Comparison of long‐term effectiveness and complications of radiofrequency ablation with hepatectomy for small hepatocellular carcinoma

Yong Fang(Sir Run Run Shaw Hospital), Wei Chen(Sir Run Run Shaw Hospital), Xiao Liang(Sir Run Run Shaw Hospital), Da Li(Sir Run Run Shaw Hospital), Haizhou Lou(Sir Run Run Shaw Hospital), Renbiao Chen(Sir Run Run Shaw Hospital), Kaifeng Wang(Sir Run Run Shaw Hospital), Hongming Pan(Sir Run Run Shaw Hospital)
Journal of Gastroenterology and Hepatology
November 14, 2013
Cited by 229

Abstract

BACKGROUND AND AIM: To determine and compare the adverse events and long-term effectiveness for patients with small hepatocellular carcinoma (HCC) (≤ 3 cm) treated by percutaneous radiofrequency ablation (RFA) or hepatectomy.
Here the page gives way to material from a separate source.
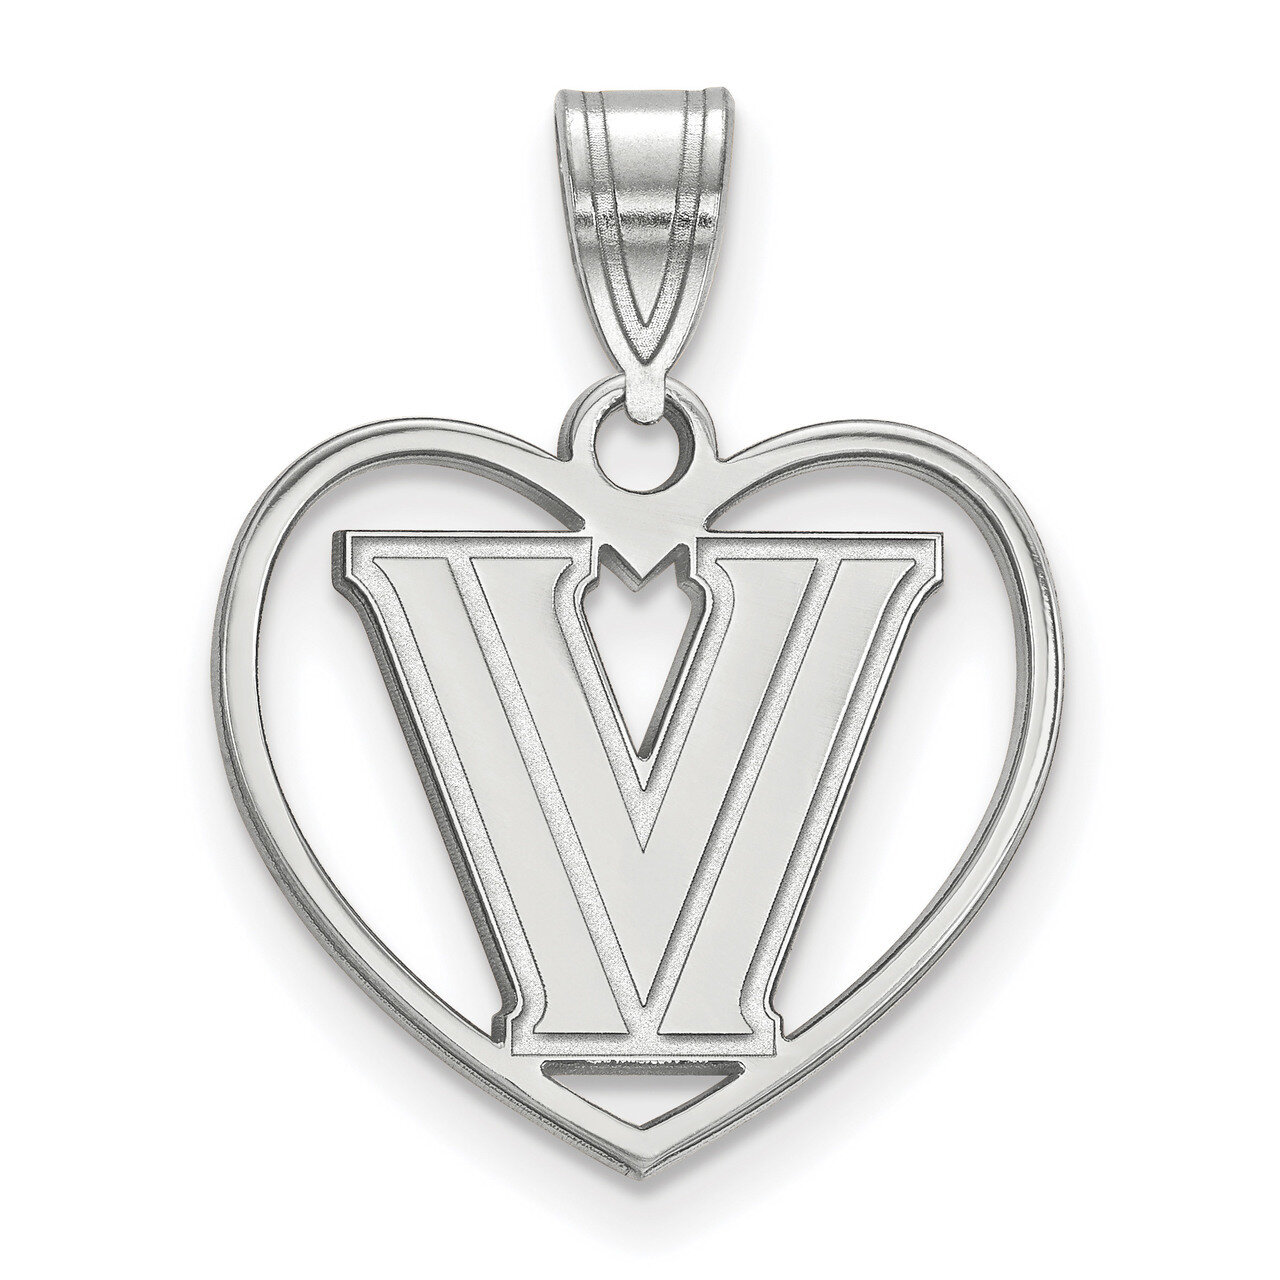 Villanova University Pendant in Heart Sterling Silver SS011VIL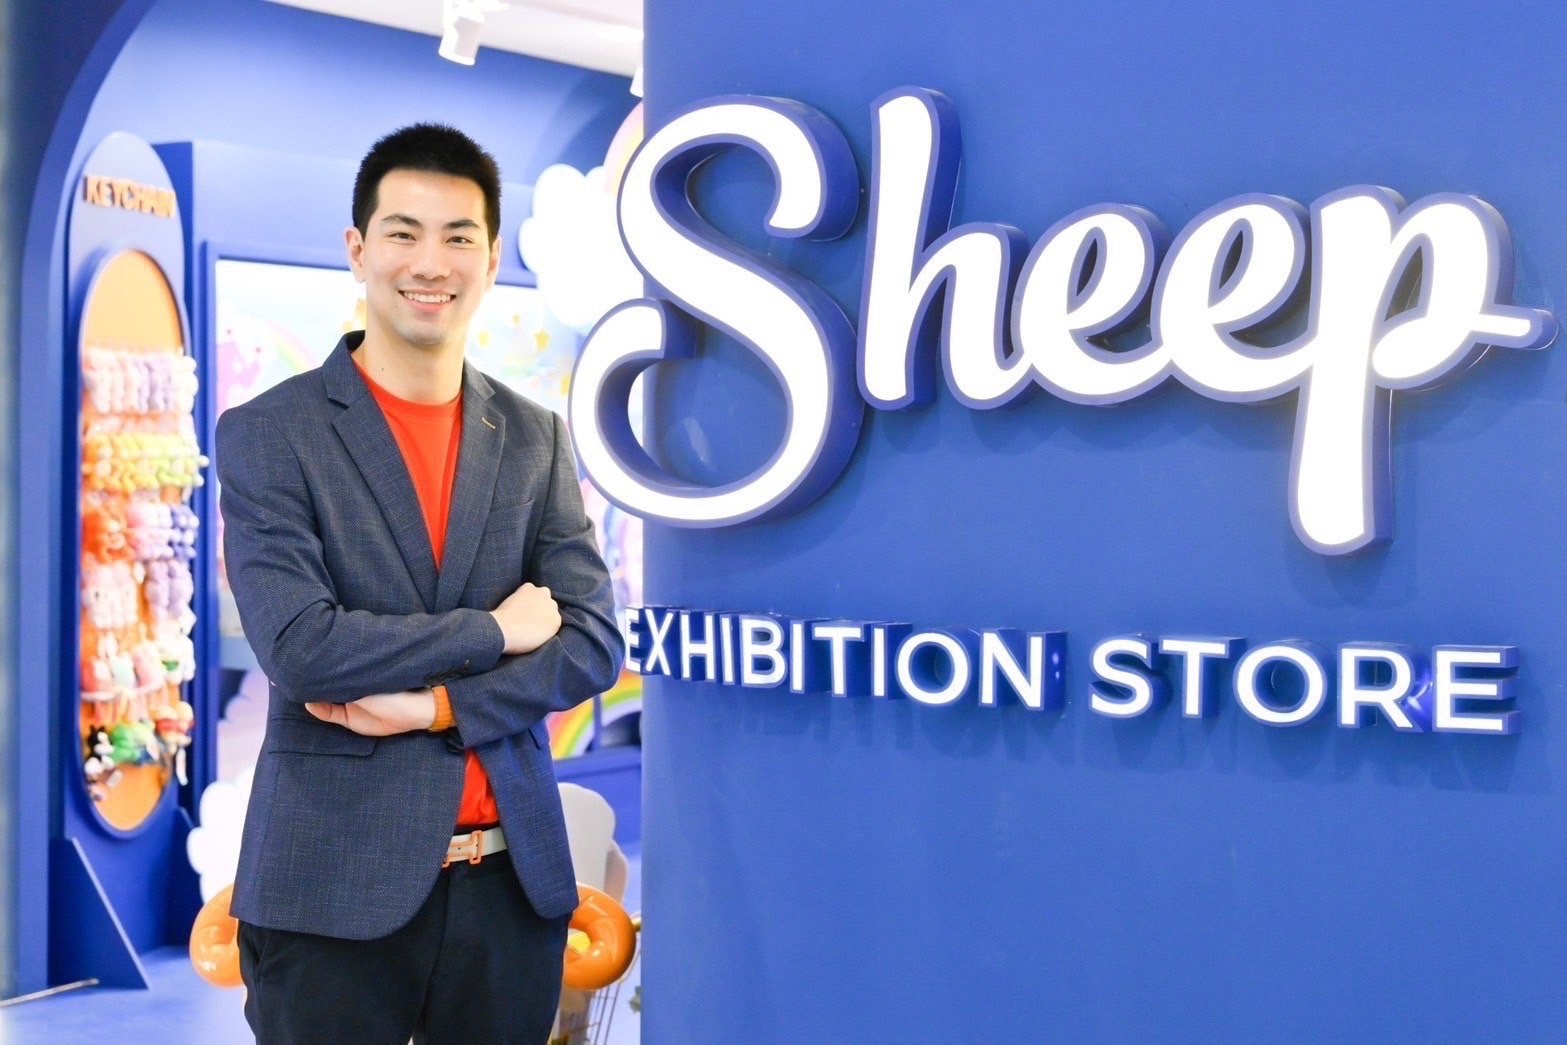 Sheep เปิดบ้าน Sheep Exhibition Store ต้อนรับ Esther Bunny กระต่ายแดนกิมจิ

METHODS: Small HCC from 120 patients were randomized into either percutaneous RFA therapy or hepatectomy group, and the effectiveness and complications of two treatment modalities were analyzed. The complications of post-RFA or hepatectomy, the complete treatment rate, treatment-related mortality, and disease-free and overall survival rate were followed up and conducted. RESULTS: In patients with small HCC, complete remission rates were achieved in 95% and 96.7% in the percutaneus RFA and hepatectomy groups, respectively (P > 0.05). Hepatic function at day-7 status post-treatment, including albumin and bilirubin levels, were significantly worse in the hepatectomy group (P < 0.01). Compared with the RFA group, the incidence of postoperative complications (27.5% vs 5.0%) and hospital stay (11.8 ± 3.1 vs 4.3 ± 1.5) were significantly higher in the hepatectomy group (P < 0.01). After a mean follow-up of 40 months, 22 patients (36.6%) in the RFA group and 21 patients (35.0%) in the hepatectomy group developed a recurrence (P > 0.05). There was no significant difference of the disease-free and overall survival rates at 1, 2, and 3 years between the RFA group and the surgical hepatectomy group (P = 0.443 and P = 0.207, respectively). CONCLUSIONS: In patients with small HCC, percutaneous RFA showed similar local control and long-term survival compared with hepatectomy. Importantly, percutaneous RFA are accompanied with a lower complication rate and shorter hospital stay day.